Garth Ennis: Not really, stories are stories. So long as there are competent people at editorial I’m happy to work for anyone, and Oliver Pickles and Matt Smith are among the best I’ve worked with.
I do enjoy the shorter episodes on Battle Action and 2000 AD– less space means more focus, and it’s nice to exercise that particular muscle again. That doesn’t mean I don’t write with the eventual collection in mind- that’s how stories like Rogue Trooper and Johnny Red are going to exist long-term, after all- but there’s still a particular pleasure to be found writing one-offs like Dredger, Hellman, or Strontium Dog/Robo Hunter.
You’ve been writing Rogue Trooper stories in 2000 AD and Johnny Red stories in Battle Action. Both fall into the “war comics” genre, of which you’re considered a master by many, but Rogue and Johnny are very different beasts, the former being sci-fi, and the latter rooted in real history. Have you found they offer unique storytelling opportunities or challenges compared to your other work in the genre? Is there any thematic commonality between them?
Not much beyond the fact that they’re both war stories. Johnny Red has its roots in actual history, as you say, whereas Rogue Trooper is out-and-out science fiction. The latter takes care of itself, with the broad parameters of the strip having been laid down a good forty years ago.Â
With Johnny Red the hyperbole of ’70s comics means the story is one step removed from my usual war stories; things like Sara or The Stringbags don’t ask the reader to believe in anything that didn’t happen. But there was never an Englishman in command of a Russian fighter squadron, and even if there was, someone with Johnny Redburn’s attitude would have been shot dead by the Soviet authorities inside a couple of weeks.
There’s also a larger-than-life quality to the original strip, with people and aircraft able to do things they simply couldn’t have. What I find interesting is that the old Johnny Red stories got so much right, in terms of setting and events, and finding ways of making the unreal a little more believable in that context is one of the things that keeps me engaged.
Your current Johnny Red story in Battle Action is being billed as the final Johnny Red story. Given that this is comics, I have to ask what “final” means in this context, but also, what does it mean to you, as a writer, to give such a long-running character that ending?
In the one sense it means nothing; if the strip suddenly became insanely popular, with Hollywood interest and resulting franchise possibilities, then you’d be seeing more material from now ’til doomsday (although a look in my crystal ball tells me this is unlikely).

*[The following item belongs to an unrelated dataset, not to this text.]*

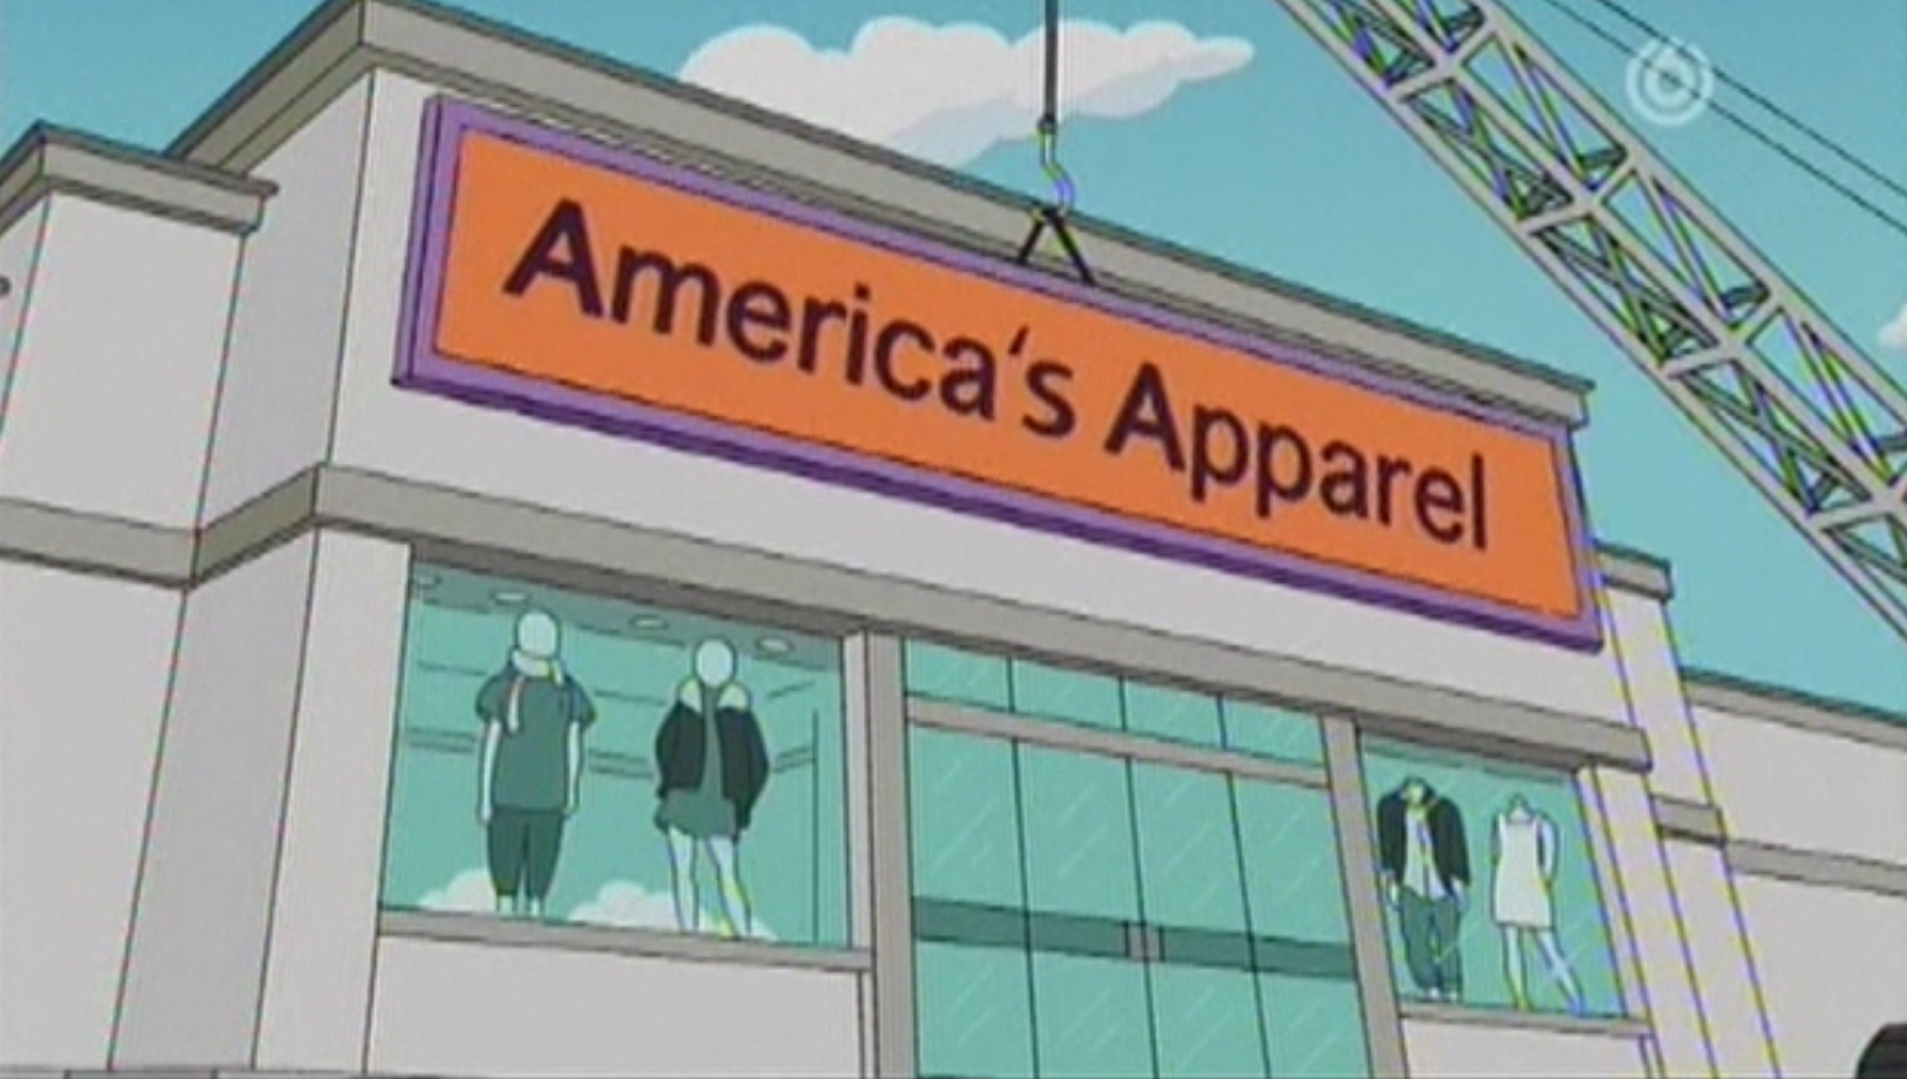 America's Apparel.png

But so long as I have an opportunity to finish the story out in the style I think it deserves, I’ll take it – Johnny Red was my favorite character for a couple of years’ running when I was a kid, and I think some of what Tom Tully, Joe Colquhoun and John Cooper achieved (in what was essentially a boys’ war comic) was extremely impressive.
That said, the second half of that run fell far short of the first, and the actual conclusion – not even written by Tully – was fairly feeble stuff. When I consider how exceptional Johnny Red was in its heyday and how much it meant to myself and so many other readers, I feel the need to give it a proper ending. A good story is a precious thing, and needs to be treated with due care and respect.
Your current Rogue Trooper story in 2000 AD, “When a GI Dies,” follows your previous story with Patrick Goddard, “Blighty Valley.” What can readers expect from this new Rogue story, and are there any thematic connections between this and last year’s story?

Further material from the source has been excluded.